The sphygmoscope which the author invented to denote the pulsations of the heart, is capable, when slightly modified, of proving a good measurer of the movements of the chest. When so used it is placed upon a fixed stand, and is then called a pneumatoscope. It consists of a small projecting bag of water, which is placed upon the chest, and has connected with it a graduated scale. The elevation of the chest in inspiration, as well as the fall in expiration, are delicately measured by it; by no other means can the absolute and the relative duration of these acts be so delicately measured.

The ingenious and interesting instrument, the spirometer, invented by Dr. Hutchinson, measures the quantity of air expired from the thorax; but while it serves to indicate the total capacity of the chest for air, or for the vital capacity, as it is incorrectly called, it is utterly null, as an index of the capacity of any particular part of the breathing apparatus.

The instruments above referred to measure magnitudes, movements, and capacity, but deviations from the natural configuration of the thorax present themselves, which do not come under the description of magnitudes, movements, or capacity, and which cannot be measured by any of the means above enumerated. The deviations not so included are of very frequent occurrence, many of them are observed at any early period of disease of the contained organs, and may be made subservient as elements in diagnosis, whether other evidence be more or less complete.
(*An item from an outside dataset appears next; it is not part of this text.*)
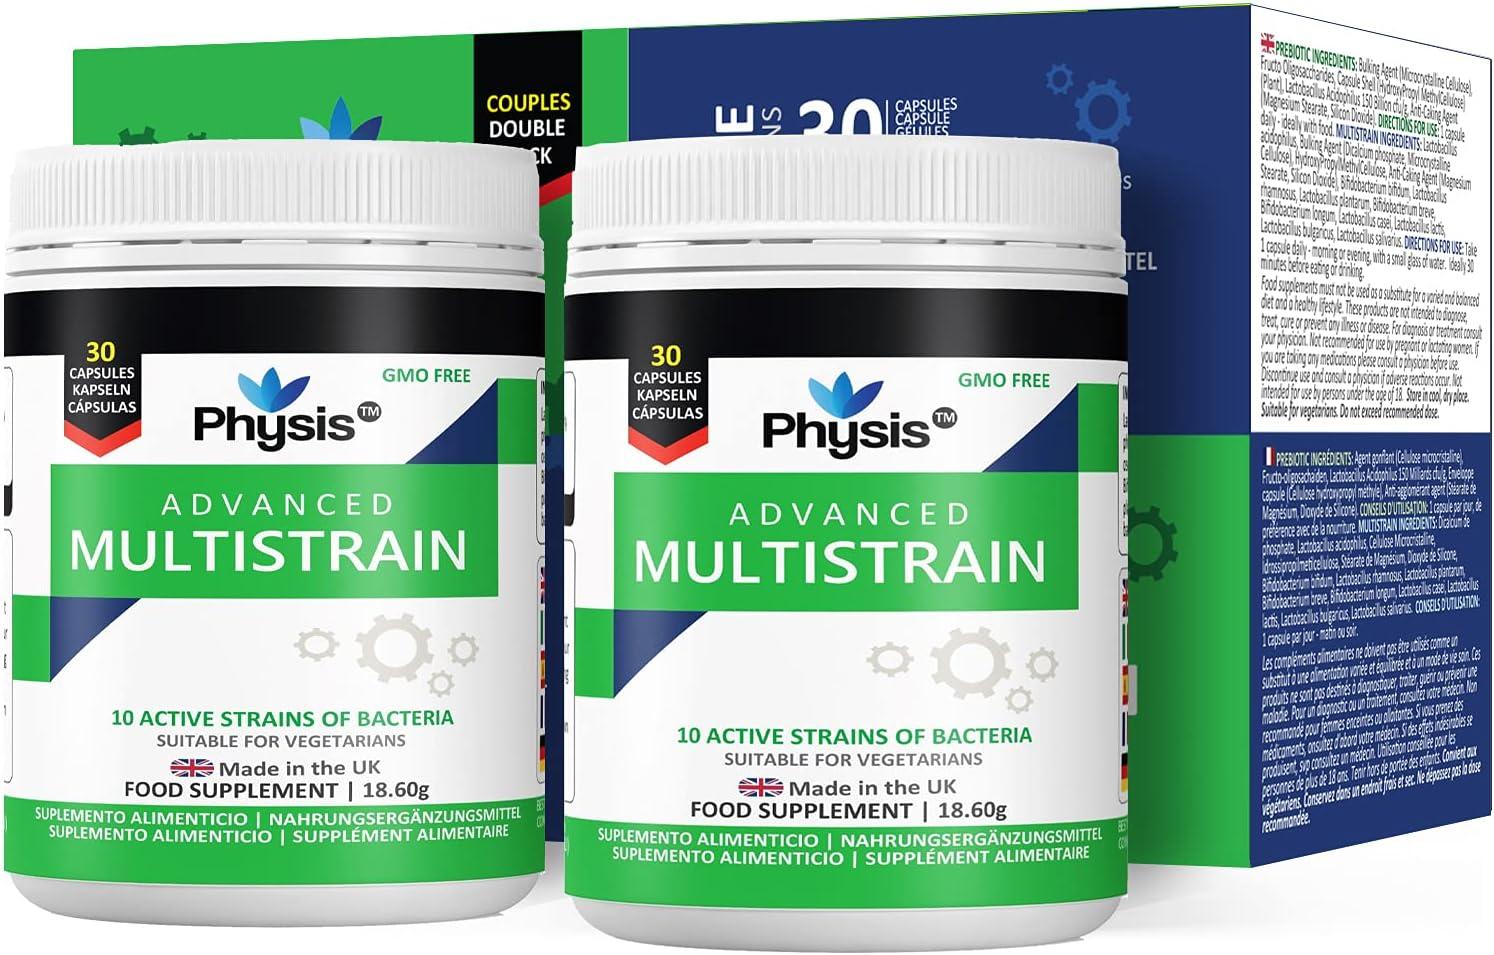 Physis Probiotics 200 billion CBE   20 bottles of 20 capsules each ...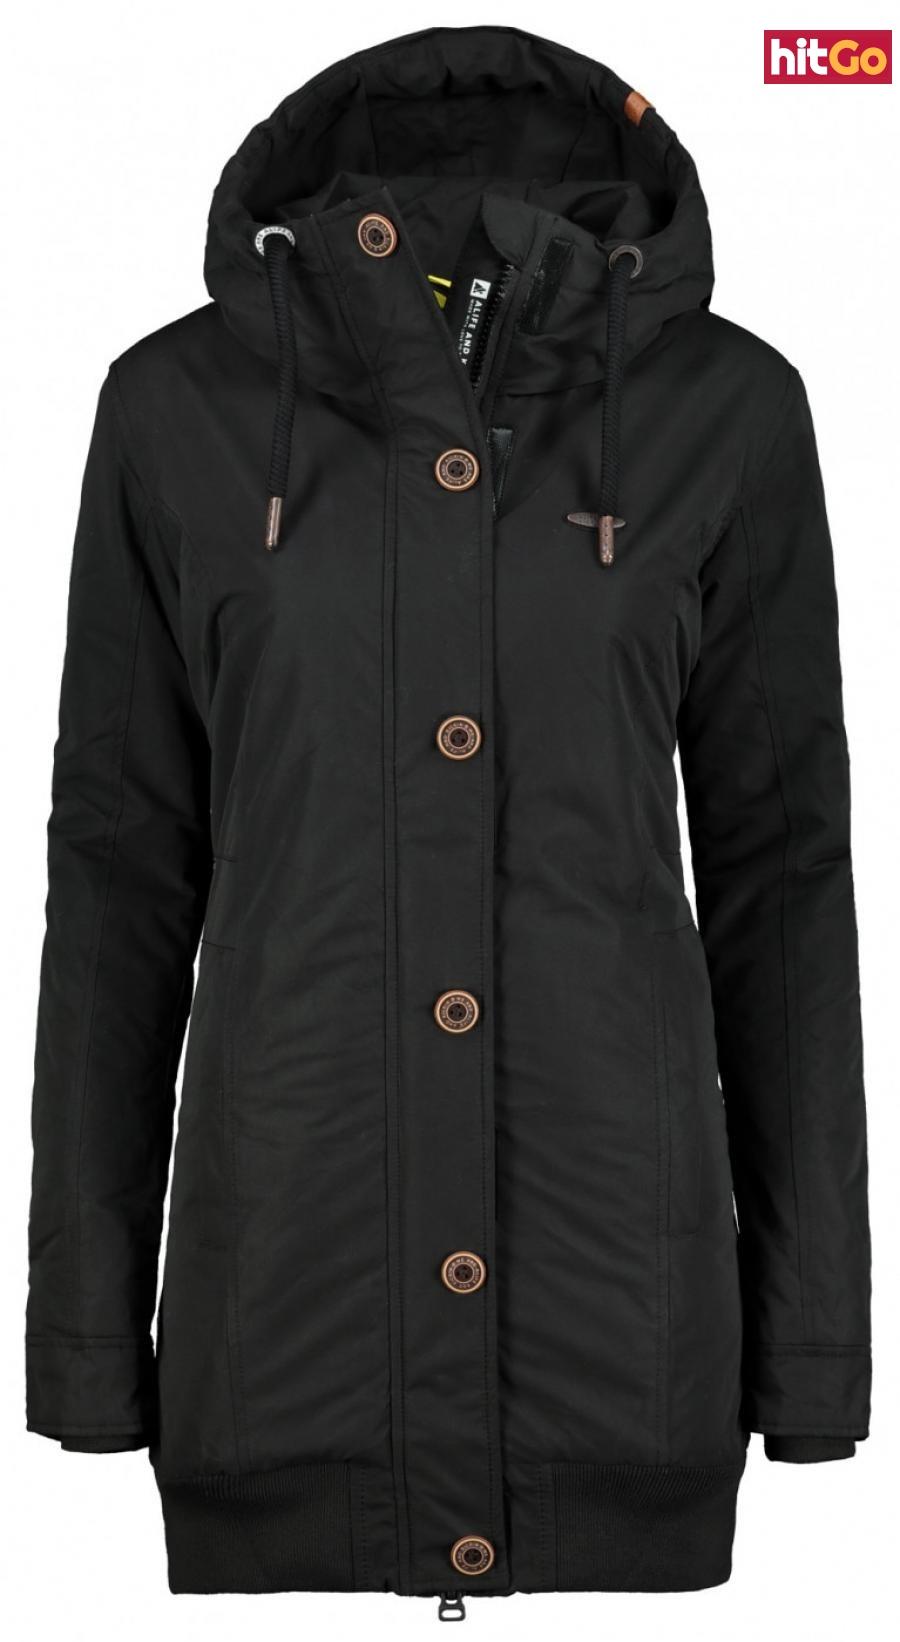 Womens jacket Alife and Kickin Abby dámské Moonless S

The deviations here referred to relate to the angles and curves formed by the bones composing the chest; by the junction of one bone with another part, and of bones with cartilages. Angles may replace curves, and curves may so alter as to belong to greater or smaller circles or radii than natural. Such deviations from the natural configuration being not at all or very imperfectly gauged by the appliances already described, the goniometer or stetho-goniometer has been introduced for their measurement as an instrument of diagnosis, &c., in diseases of the chest.